You know, they went from sitting on the sofa with Kathy Ireland, the beauty queen, to this.
Take a listen to CrimeOnline.com investigative reporter Dave Mack.
Federal investigators say Hiram Wilson regularly mailed thousands of prescription pills,
including opioids, from the Nebraska pharmacy he ran to William Burgamy.
William Burgamy, in turn, allegedly advertised and sold the drugs on the dark web
under the name of never pressed rx
selling oxycodone and other narcotics without a prescription a cut of the profits were then paid
to wilson as bitcoin payments wire transfers and bundles of cash through the mail the dark web
transactions work the same way as any online transaction users follow instructions to place
an order and pay for it with cryptocurrency like
Bitcoin. Burgamy used the U.S. Postal Service to ship the products. The FBI photographed Burgamy
as he made trips to the local post offices where he allegedly mailed prescription drugs to various
dark web clients. Burgamy used several accounts to move the money and would then swap the Bitcoin
out for U.S. currency. Okay, I'm trying to get my mind around what this pharmacist is allegedly up to.
We are talking about the neighborhood pharmacist that you go to
when your child has a cough or the sniffles or a fever.

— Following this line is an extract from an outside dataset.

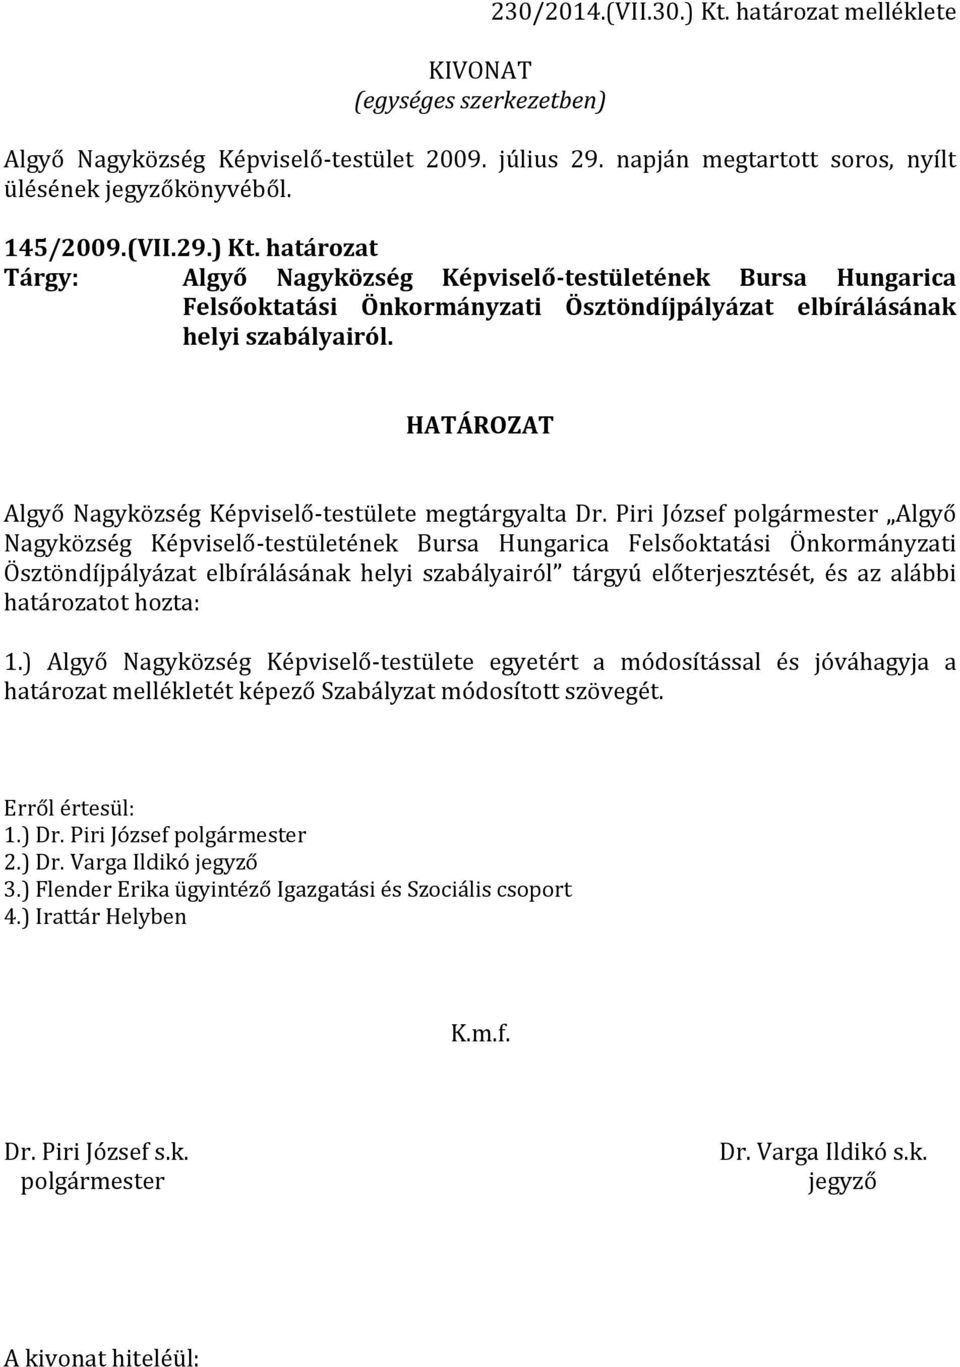 Piri József Algyő Nagyközség Képviselő-testületének Bursa Hungarica Felsőoktatási Önkormányzati Ösztöndíjpályázat elbírálásának helyi szabályairól tárgyú előterjesztését, és az alábbi határozatot

How could he be part of the dark web sending unlicensed,
unprescribed painkillers through the U.S. mail using Bitcoin?
Okay, first of all, back to you, Bobby Chacon, former special agent, FBI.
Explain, in a nutshell if you can, what is the dark web?
Well, the dark web is a kind of a sub-basement of the Internet
where there are many layers of encryption that you need to get through.
And so you need special skills and special knowledge to just to find this place,
you know, on the Internet or some people call it apart from the Internet.
But it's really a deep, dark kind of place.
And we say dark because it's very difficult to get to.
You need to know how to get there.
You need to know the keystrokes, basically, that you need to type into your computer.
Hold on, Bobby. I've got to go to our computer expert. I'm going to circle back to get there. You need to know the keystrokes, basically, that you need to type into your computer. Hold on, Bobby.
I've got to go to our computer expert,
and I'm going to circle back to you, Bobby.
Derek Ellington, expert online activity,
certified fraud examiner at ellington.net.
Derek Ellington, I'm always struck by pedophiles in that.
They say, I was just looking up X and suddenly child porn jumped onto my screen
you know what in all the years I have looked up murders murder weapons murder for hire you name
every kind of crime I have never had child porn or pornography at all just pop up on my screen.
It's never happened.
Has it happened to you, Brett?
No.
Okay, so how does this work to you, Derek Ellington?
How do you go to the Internet, and everybody types in Google,
how do you suddenly end up on the dark web?
Well, Nancy, as my mother would say,
if you were where you were supposed to be doing what you were supposed to be doing, this would
not have happened. But I think it's important for the listeners to understand that for most of us,
when we start our internet journey, we will go to something like a search engine, which is what we call Google,
Bing, Yahoo. And when you search using Google, you're not actually searching the internet.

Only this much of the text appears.